Because of Bush’s belief that righteousness trumps all, the United States government has detained foreigners (and one or two Americans) indefinitely, disregarded the Constitution and the law designed to enforce it, and tortured prisoners. We now face a terrible, critical choice: whether to remain true to the structure of international law that we began to set up at the end of the Second World War, or to claim, in effect, that war crimes are the prerogative of any American administration that simply decides to carry them out. We will almost surely be unable to escape this choice no matter what the new Administration decides to do, or not do. I have been reliably informed that already a German judge has sought to indict Donald Rumsfeld for war crimes and that only the intervention of the German government persuaded him to desist on diplomatic grounds. Such pressure will be less effective after January 20.

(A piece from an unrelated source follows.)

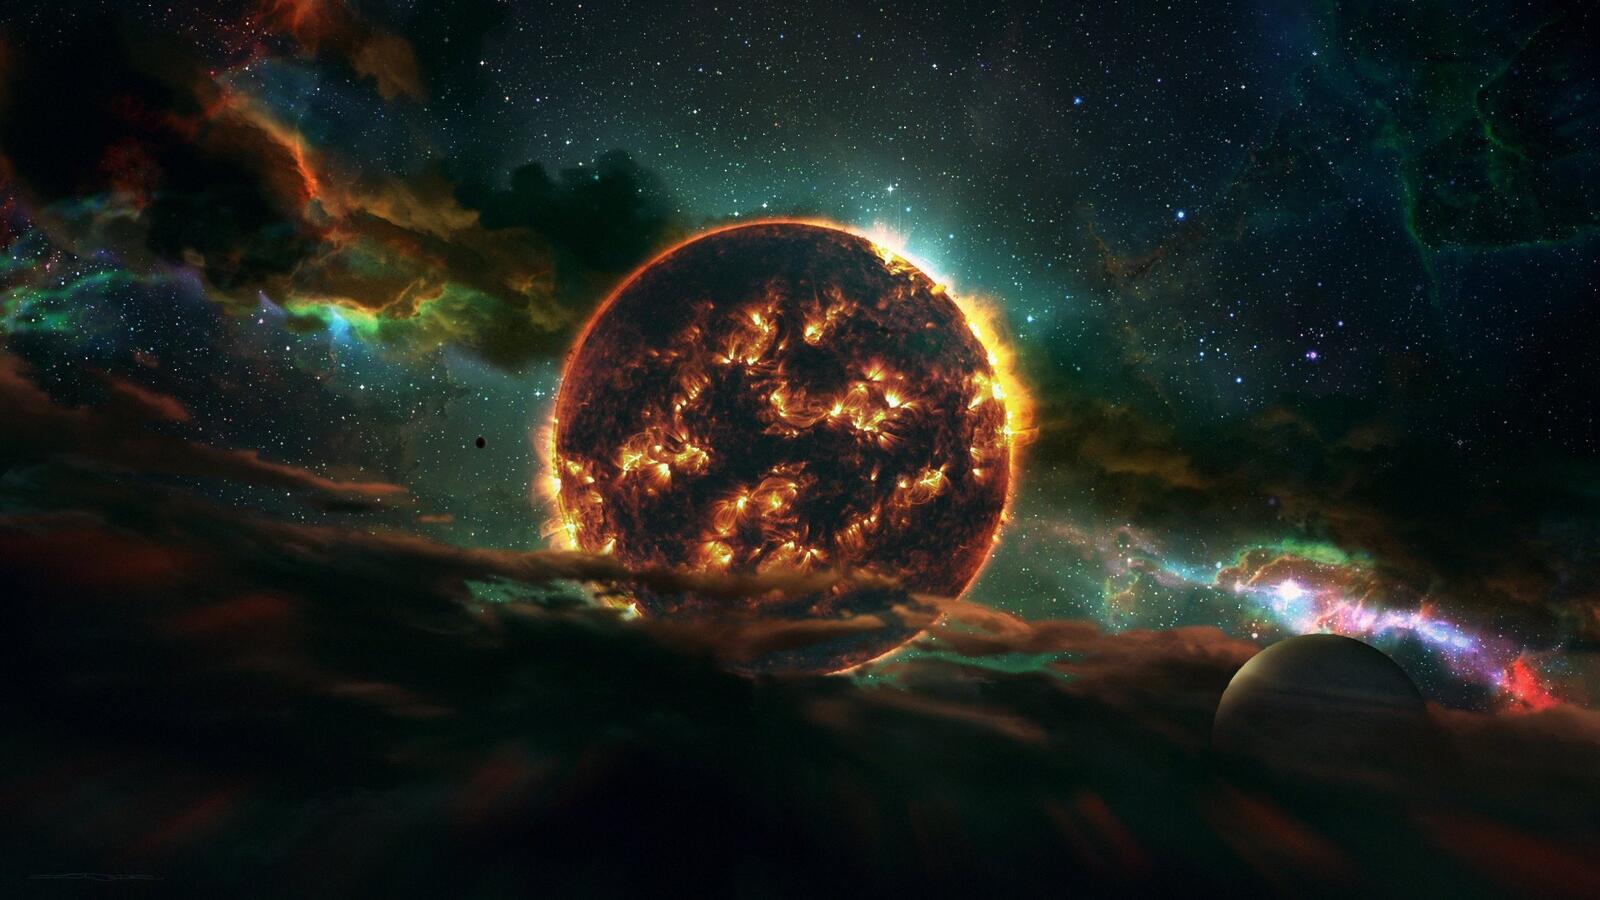 Бесплатное фото Огненная звезда с планетами и туманностью

Yet even if the crimes of the last seven years are not punished, we can take some solace from the Founding Fathers. When—in correspondence I quoted here years ago—Jefferson protested the lack of a Bill of Rights in the original Constitution, Madison replied that no matter what the framers inserted, future governments would find a way around it. Jefferson did not disagree but insisted that a written Bill of Rights would make it easier to restore liberty after the crisis was over. So they should, and perhaps that is all we can reasonably expect. These last eight years can live as a warning of what the United States, under the wrong Prophet leadership, can became. Sadly my own generation did not produce the man or woman who could undo Bush’s work, but we still hold considerable power. The new President obviously regards politics as the art of the possible and intends to put an end to these abuses. Perhaps we should, as we must, trust in his wisdom to decide what other steps to take.